The authority’s already-squeezed budgets have seen an overspend of £1.6m in the department, largely on agency staff, so far this financial year. A restructure was carried out in the in-house street cleaning services in recent years, with staff now working on local patches rather than borough-wide. This may also be probed over a possible connection to staff absence.

Finance chief Councillor Andy Hull told a council meeting this week: “We’ve got levels of sickness and other absence in street environment services that are not sustainable. We need to do as much as we can about it.”

After discussions with unions, about a year ago the council brought in random substance checks for safety critical staff – such as drivers of school transport or other vehicles. Environment and regeneration services lost some staff after these tests.

Cllr Hull said: “Sadly, through that we’ve found not everyone, particularly in environment and regen­eration, is coming to work sober and we need them to.”
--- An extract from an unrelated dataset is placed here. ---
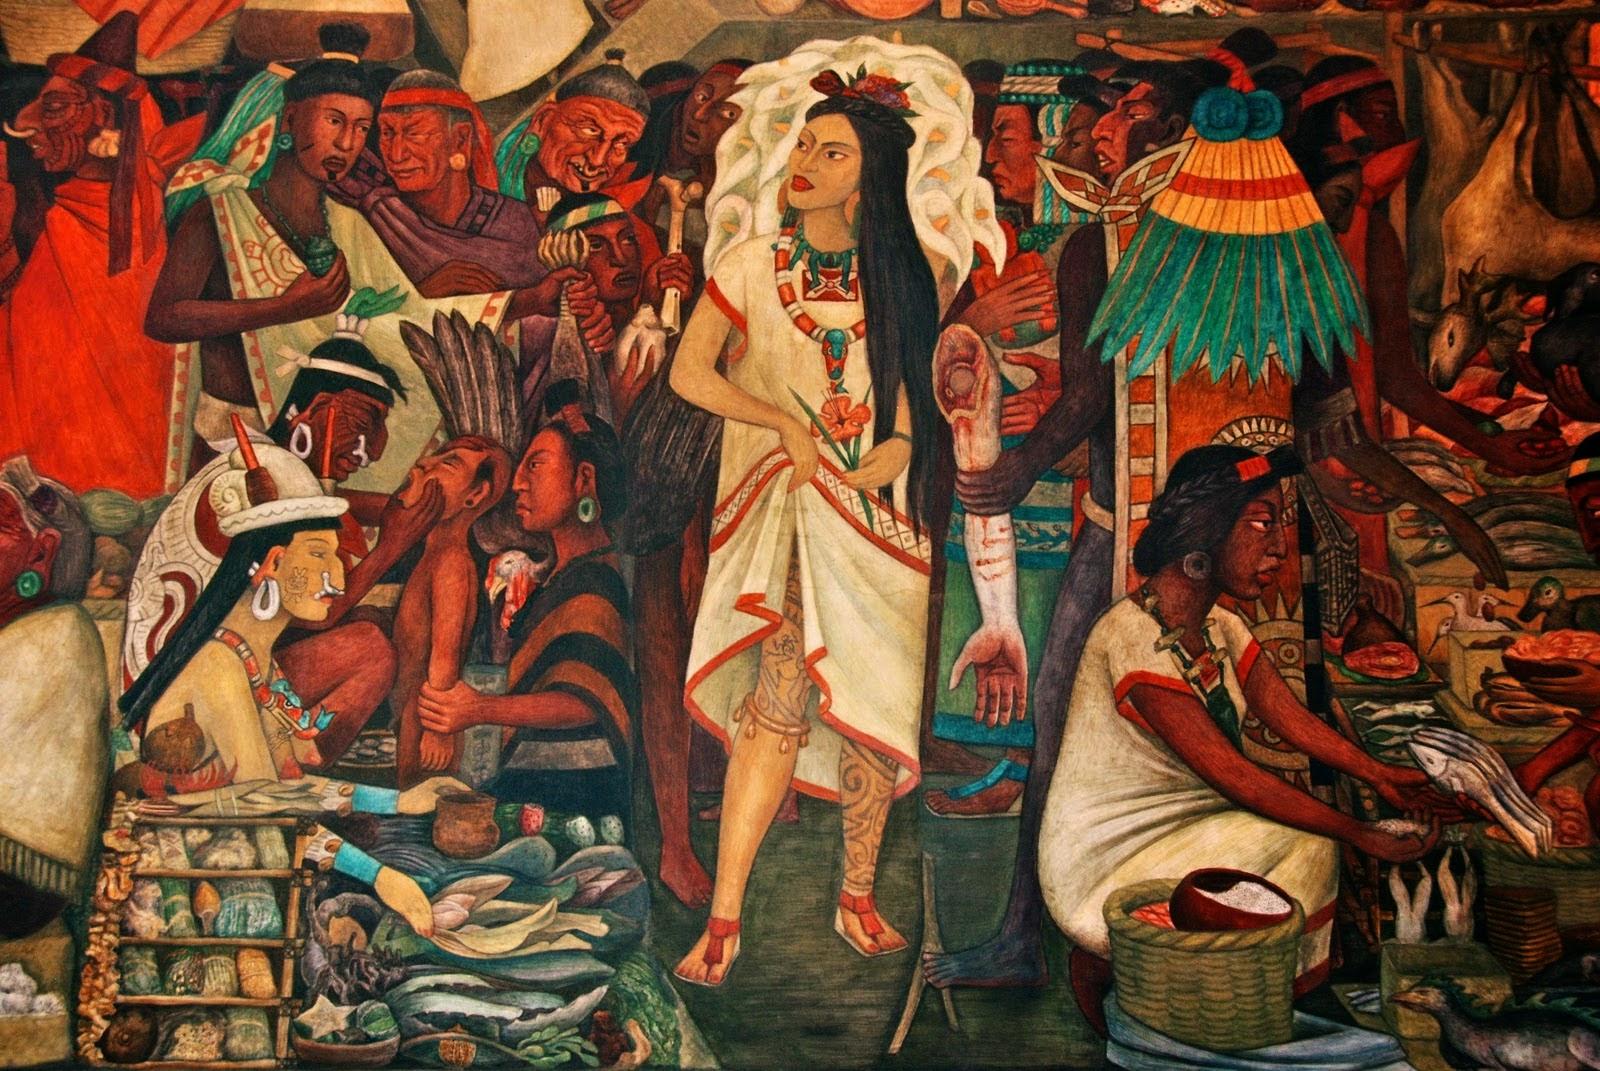 Doña Marina, La Malinche.

He added that he did not apologise for taking the “toughest” action necessary, saying it was accompanied by a “whole raft of supportive measures”.

Stephen Key, assistant director for service finance, said environmental services had a “historic problem” with overspends, with reasons for the hiring of agency staff varying over the years.
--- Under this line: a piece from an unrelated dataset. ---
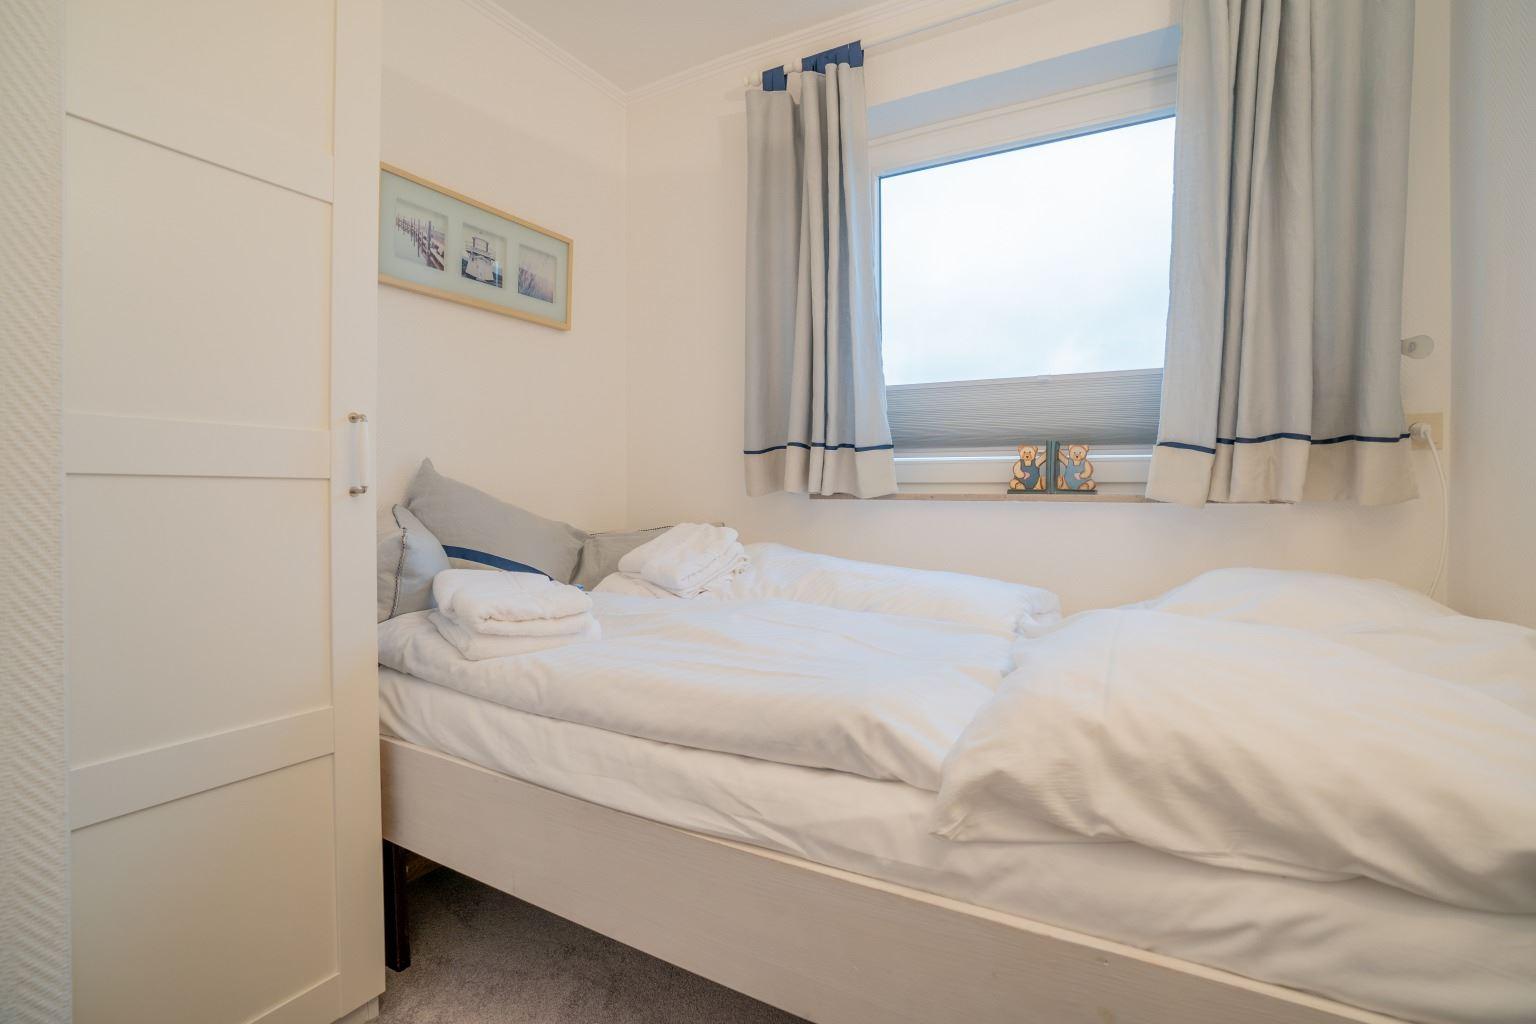 2. Schlafzimmer mit Ausblick

Cllr Andy Hull and Cllr Osh Gantly 

Councillor Osh Gantly, who represents Highbury East ward, asked whether management style played into the sickness figures.

Speaking at the policy and performance scrutiny committee meeting on Tuesday night, she said: “Having done work on this elsewhere in the past, high rates of sickness absence are often a reflection of fairly relax­ed management. What concerns me is that the work I’ve done in the past on this suggested that it doesn’t matter what your sickness policy is, as long as it’s enforced.

“Now, obviously people who are ill are ill. I’m not talking about hounding people, but if line management is turning a blind eye to people not turning up to work, which is often the case, that needs to be looked at.”

Cllr Hull said:  “It’s partly a HR [human resources] issue, it’s partly an ENR [environment and regeneration] issue, it’s partly a more generic management issue.

“There’s not going to be one silver bullet, but we need to get to the bottom of it as it’s the only thing at the moment that means the budget isn’t perfectly balanced.”

He added: “While the rest of us are tucked up warm in bed and these people are having to go to work in the middle of night you can imagine a microculture might develop in one part of the council that isn’t exposed to the same scrutiny as other parts of the council. And that should be something we should address.”